ANON -25 Jan 2010 | 15:49
Total re-think
The whole approach to women's careers in law needs a total re-think. A&O's move is a step - albeit a small step - in the right direction of working out how best to manage those careers. In Norway, legislation has intervened to require a certain percentage of women on boards of all Norwegian companies. Anecdotally, I understand it has not created weak boards, but rather it has broadened the perspectives of organisations which before had the same smaller group of men sitting on the boards of several companies. I can see an analogy here in the law - until there is an intervention that requires a re-think, we won't see the changes in perspective that a required for women to progress their careers as well as a family.

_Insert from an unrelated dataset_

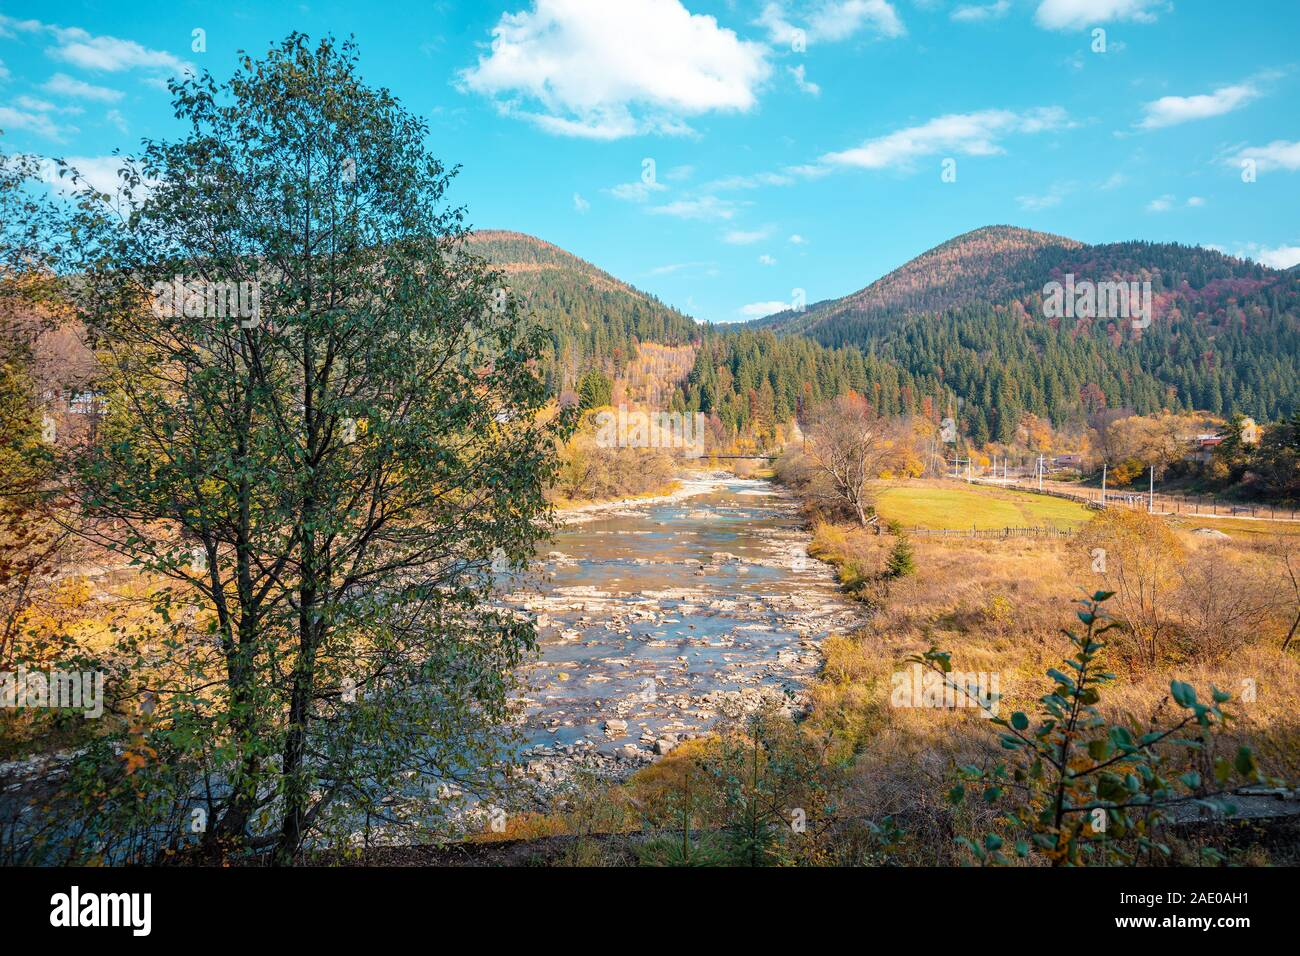 Mountain river on an autumn sunny day Stock Photo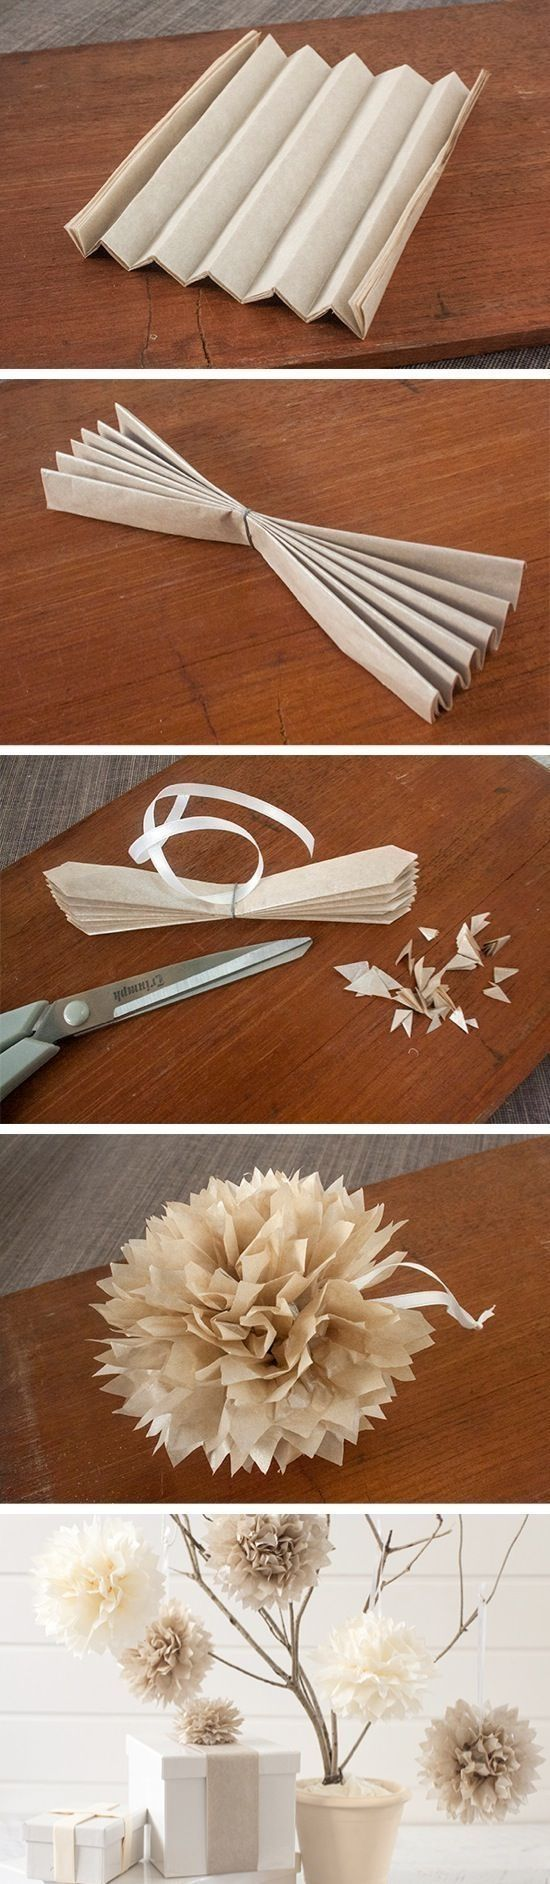 Easy Tissue Paper Pom Poms diy crafts easy crafts diy ideas diy home easy diy for the home crafty decor home ideas diy decorations by Anna by aftr

Anonymous -25 Jan 2010 | 18:44
Different drivering factors
Of all the people I studied law with, not one who has a training contract with a magic circle firm has a desire to stay there - but the reasons were startlingly different for men and women. In general the men saw City law as a springboard to chase money - in law and elsewhere, looking to jobs in places like banks and hedge-funds as the financial markets recover. As the primary driver is the money they are far more likely to continue up the City law path if the £££s are increasing.
Conversely, almost all the women viewed a big-firm job as a good start but thought that they would want to make a fairly quick move to a smaller firm where the work/life balance was better - this is not just a 'having children' issue, but a broader awareness that chasing the £££s and a City partnership is not the only way. Maybe there will continue to be less women partners for the very good reason that they have worked out that the additional stress and potential financial risk is not worth it!
Al -27 Jan 2010 | 14:23
working 24/7
Realist, even if you are right that clients require the ability to call a meeting at any time (which I doubt), your conclusions do not follow.
I work part-time in projects, with clients being able to call meetings on any day of the week. I just fit in my time off around the client meetings. Even at the height of a project, it's a rare week I can't have half a day at home. Of course this means I need to stump up for five days childcare rather than three, but I just mark that down as an investment in my sanity.
Of course, it still might not be showing enough commitment to be given a chance at partnership, but if I don't get given that opportunity, no one will be able to argue it's due to 'impact on client service'. I assure you they are all delighted.
Pearson -27 Jan 2010 | 16:42
Cloudy Glass
I work for an LPO, and do not understand this obsession with the constant availability of people. We routinely plan for absenteeism and attrition with up to 20% buffer. It's a simple solution, and works. The benefits we get from retaining good staff more than wipe out the cost of reduced margins, if any.
The idea is to move towards 24/7 service, not 24/7 jobs. The converse must concurrently happen.
If the system must have this individual or that, to function or to move, it's not a good system. Period.
No consumer must be made to rely on it, no billing must happen against it.
It doesn't matter how deals have always been done, or how transactions work, no consumer pays for the benefit of one individual, consumers pay for the benefit of a service.
What would happen if a male partner fell ill? Would we shrug and accept the law firm not providing his clients with the services of a cover? Would the client accept a sub-standard cover?
The issues of service availability, role definition, client expectation management are independent issues. They have very little to do with worker preferences.
Why do we collaborate? To bridge the gap between worker preferences and consumer expectations through systematic, joined-up effort.
If teamwork isn't working to achieve this, just what is it yielding in a knowledge based profession like law?